Gainesville became an educational center with the establishment in 1867 of an academy, the nucleus of the State Seminary for the region east of the Suwanee. Not until 1905, however, were State-supported schools for white males merged and consolidated with the University of Florida. The gala event of the university year is Homecoming Day, when graduates of all ages return to their Alma Mater for the season's important football game.

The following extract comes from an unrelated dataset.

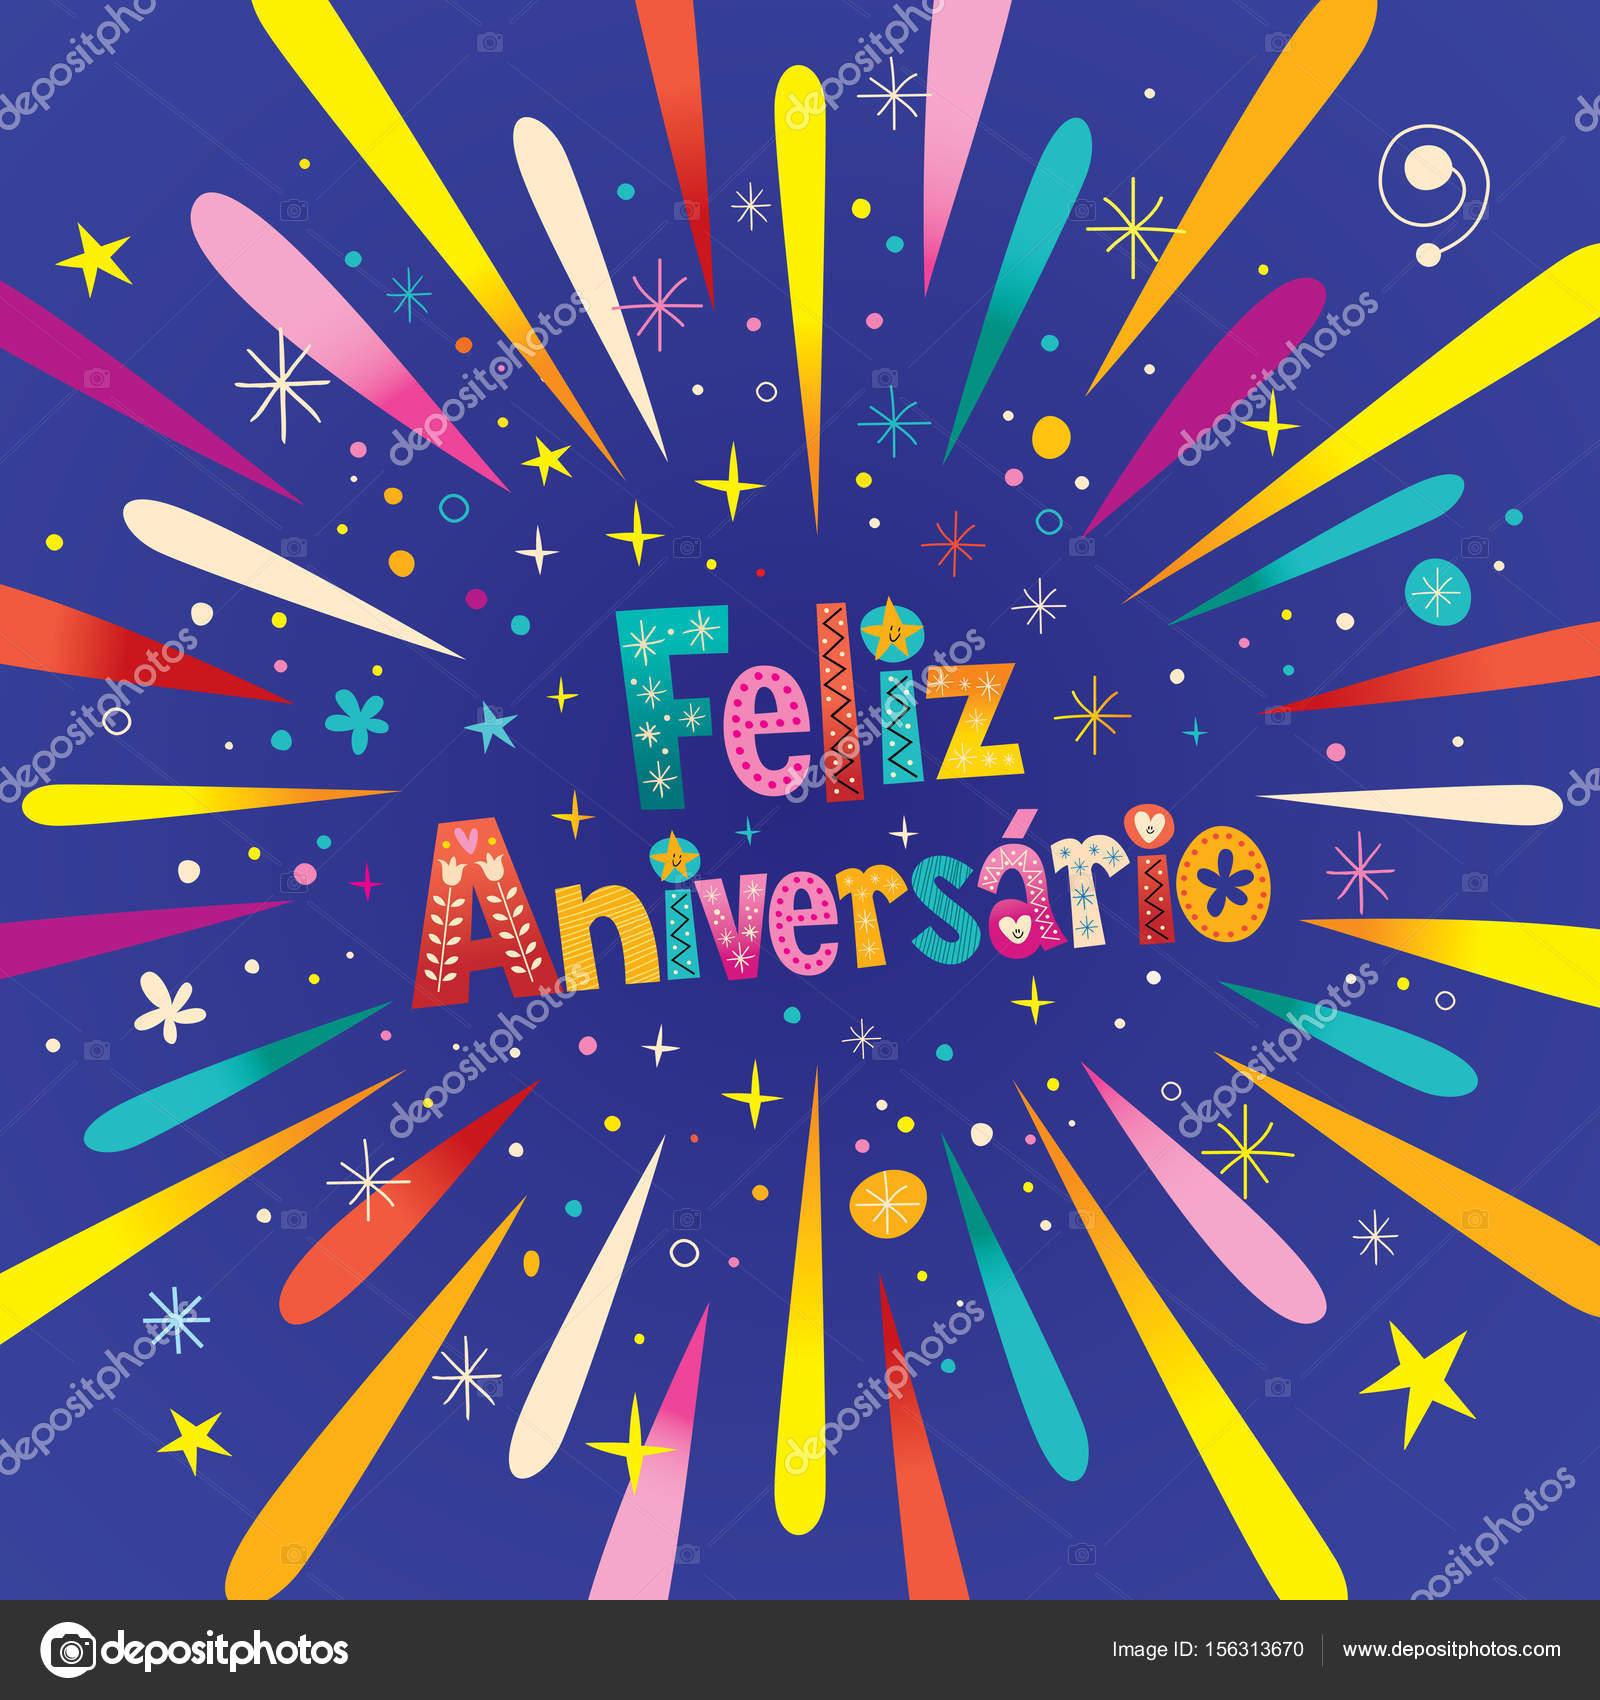 gefeliciteerd met je verjaardag in het portugees Feliz Aniversario Portugese Happy Birthday — Stockvector  gefeliciteerd met je verjaardag in het portugees

Gainesville lies on the northern fringe of the ridge section, midway between the Atlantic Ocean and the Gulf of Mexico. For nine months of the year it is a typical college town, with business, sports, and social activities centering around the pine-shaded campus. The business district clusters about a red brick courthouse of the 1850s; in the residential areas many of the large frame houses, set back in spacious lawns, date from the Civil War Reconstruction days. Gainesville's existence and development are linked with Florida's pioneer railroad history, and trains are still routed along the center of Main Street.

The Black settlement northwest and south of the business section has its own mercantile establishments, schools and churches. Many religious meetings are held in tents, barns and abandoned houses, and sometimes continue for days, during which worshipers stroll in and out while the congregation and preachers shout and sing above the din of an impoverished orchestra. Most of the Blacks are employed in domestic service, or in nearby lumber and turpentine camps.

Naval stores and sawmills are the major support of the Gainesville area, although it ranks high in truck farming, with early Irish potatoes and watermelons as its leading products. Light-wrapper and cigarette tobaccos are cultivated, and several large nurseries propagate subtropical plants for the State and northern markets.

Two plants for the extraction of Tung Oil in the vicinity of Gainesville serve growers in Florida and parts of southern Georgia and eastern Alabama.

  1. Federal Works Agency, Works Progress Administration, Federal Writers' Program, Florida: A Guide to the Southernmost State, American Guide Series, Florida Department of Public Instruction, 1939.